What I've gleaned from this is that this action rather poisoned a fair component of the optimization-minded, mechanics-minded, and balance-minded individuals.

I believe one indirect result is that Doc Roc and others on these boards grew disgusted with the people who were getting paid to make bad game design decisions, so they instead went grassroots, recruited a team from this board and BG, IIRC, and created Legend.

Blisstake
2012-02-20, 04:31 PM
I go on the Paizo boards every now and then, and there are quite a few guides on it, but not as many as were present during 3.5, I'd imagine.

About the [bad stuff]...

I wasn't there during the Pathfinder Beta, but I've heard from plenty of people who feel they were unfairly banned from the forums, to the point where I was shocked something like that happened, and lost a lot of faith in Paizo as a company.

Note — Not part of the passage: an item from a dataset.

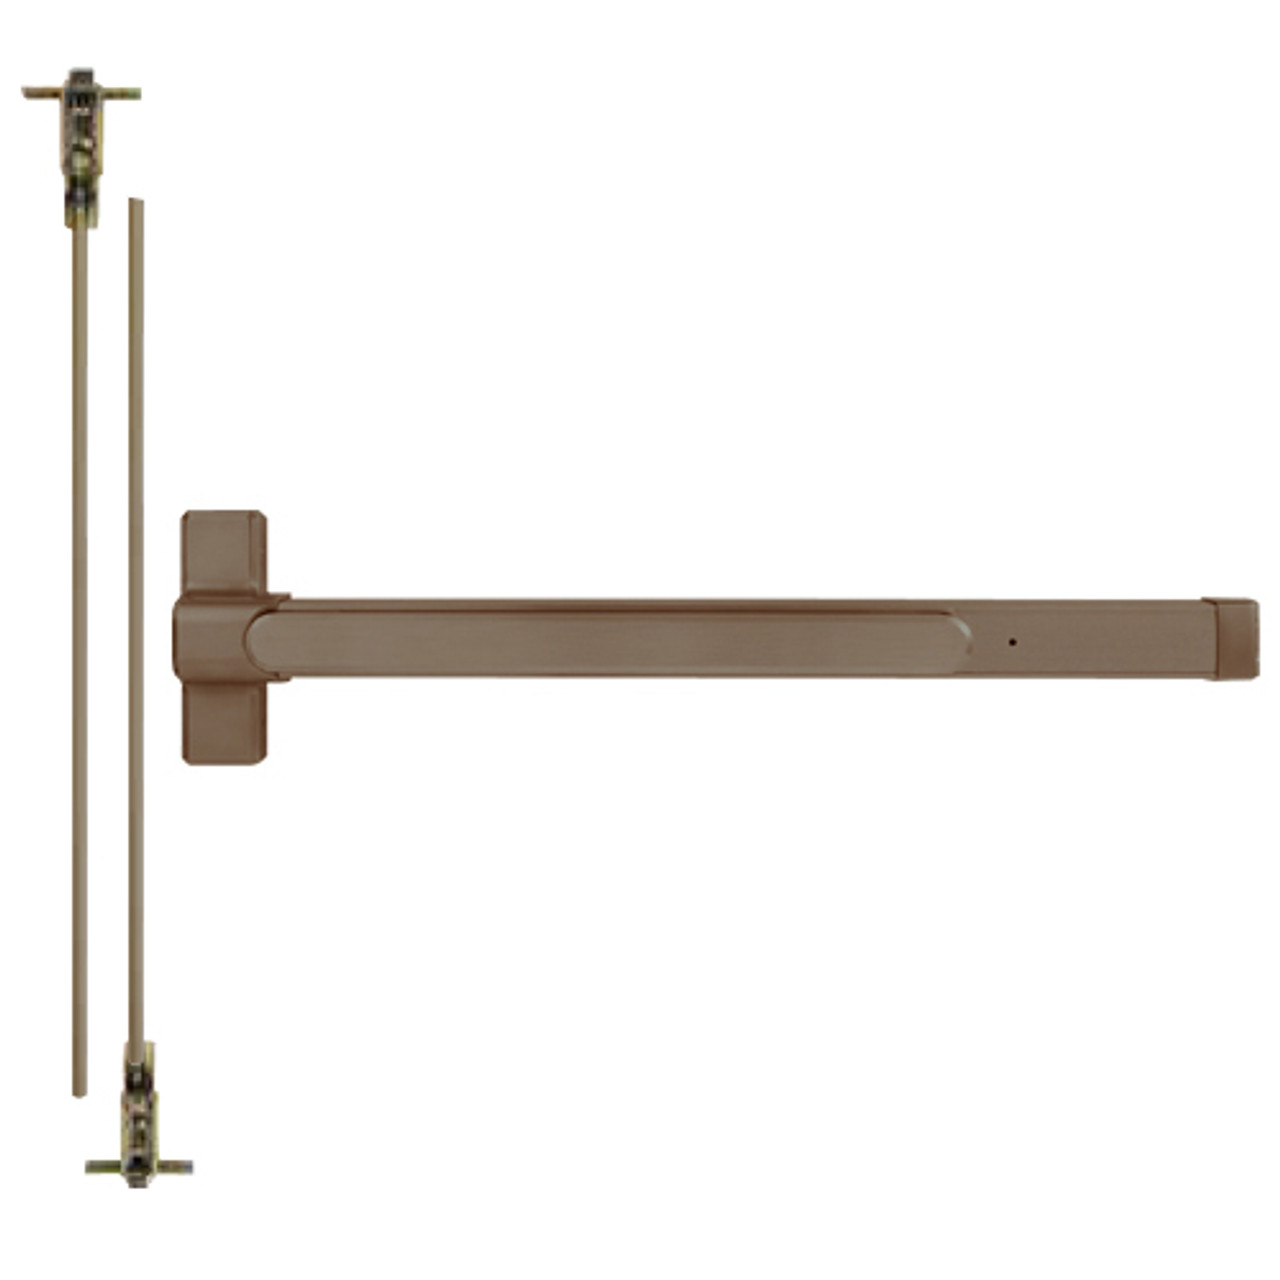 QED126LR-36-8-313AN Stanley QED100 Series Heavy Duty Concealed Vertical Rod Fire Rated Exit Device in Anodized Duranodic Bronze Finish
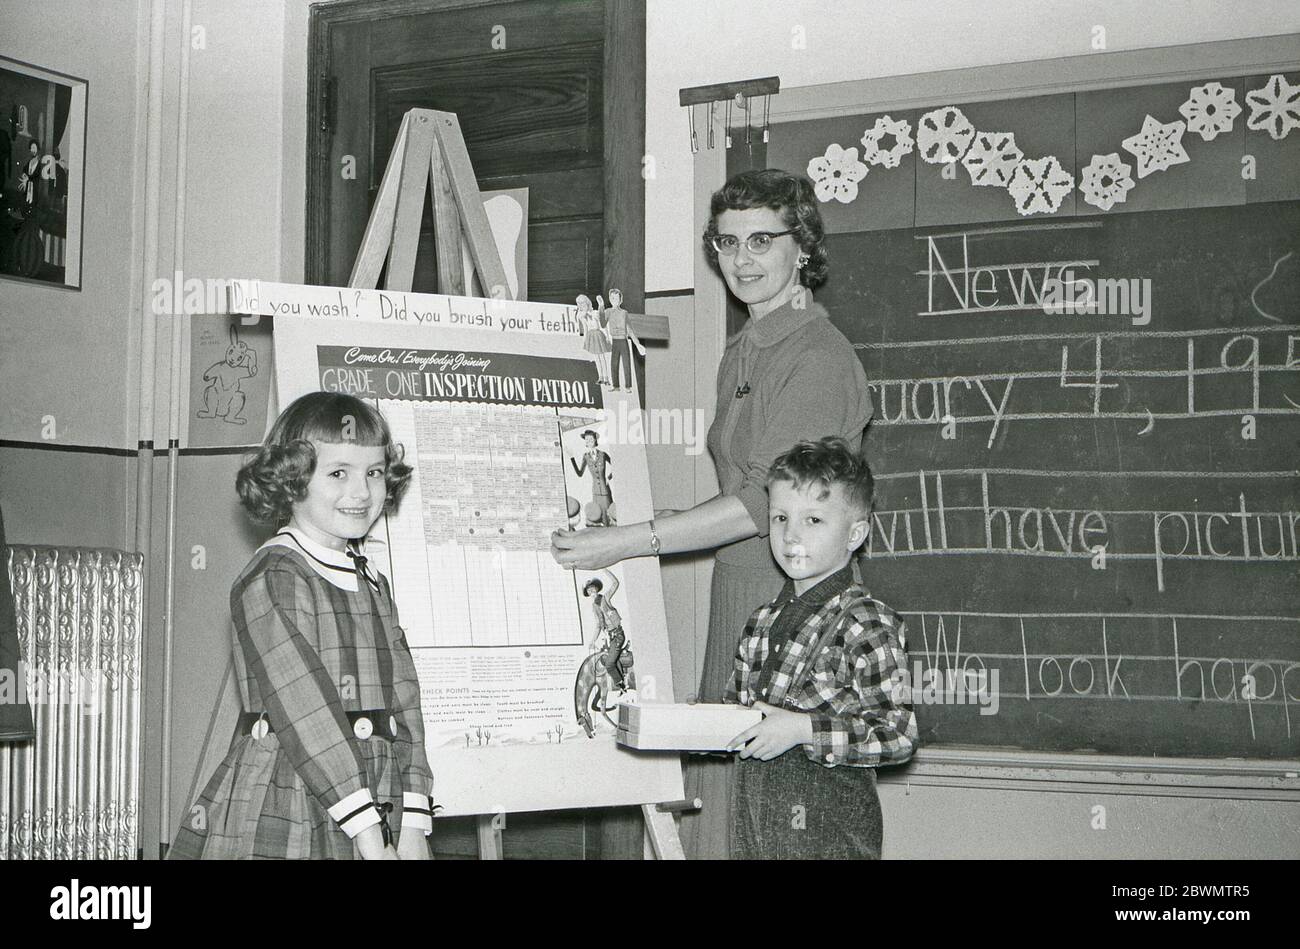 Education in the USA in the 1950s – in a classroom a teacher and two pupils are in front of a white-board with a chart concerning personal hygiene. The questions 'did you wash?' and 'did you brush your teeth?' are part of this scheme directed at grade one students in elementary school. There is hand-written news on the blackboard behind them. Stock Photo

It seems like they learned from what happened, thankfully. Most of the balance issues encountered in the Advanced Races playtest were pointed out, and it seems like they managed to get an accurate count of the serious problems when Paizo summarized the results of the playtest. Hopefully this trend continues, and it becomes more friendly toward people pointing out the flaws in the system in the future.

Qumi
2012-12-17, 08:52 AM
Actually... Treatmonk's guide to bards is not the only one. Here you have another decent one: https://docs.google.com/document/d/1ogz8HL6GeguT-tN3-6HxXiF_G7mg_tyAQ59V9kPg6g4/edit

StreamOfTheSky
2012-12-17, 07:26 PM
Not a guide, but depending on what you want to do, IMO the best Bard archetypes are:

Chelish Diva
Dawnflower Dervish
Dirge Bard
Archaeologist


Chelish Diva mostly loses stuff you don't care about, gains ability to eventually cast in full plate, can burn extra perform rounds to boost certain performance save DCs, and gets a no-save frightening effect at level 8. Probably the strongest all-around archetype.

DD gets right at level 1 a feat to use dex for attack AND damage, making this a great 2-stat (with some con as 3rd) class. It also gives you double inspire bonuses for the price of self-only and starts w/ move action initiation time, making this a solid fighter replacement who also is a 2/3 caster with bardic Suggestion performance.

Dirge Bard lets you dumpster dive other lists for necromancy spells, trades your worthless well-versed feature for a bonus against death/fear/necro effects, can affect undead with mind-affecting spells, and to cap it all off, can recreate the Thriller music video. Very nice for covering up a major weak point of normal bards - undead.

Archaeologist gives you self-only inspire bonuses as luck bonus and activate as a swift action, making it very archer-friendly. The rounds/day is tiny, but you can fix that by taking Lingering Performance and just turning it on for 1 round every 3. You get evasion, rogue talents, pseudo- (actually superior) trapfinding, and...just in general become a rogue with spells and self-buffing instead of sneak attack (good trade!). Ironically, you have to give up versatile performance, the reason normal bards actually beat rogues for # of skill points/level, but oh well.

EDIT:

I should also add that Arcane Duelist is commonly seen as a good archetype, but IMO it is a trap. You cannot both buff your sword and inspire the group, and if you want to buff your sword, Magus class does it much much better and has spellstrike and spell combat. Arcane Duelist lets you choose between being a gimped magus or a gimped bard, but only one at a time. As if the regular bard didn't have enough of a "...master of none" stigma already.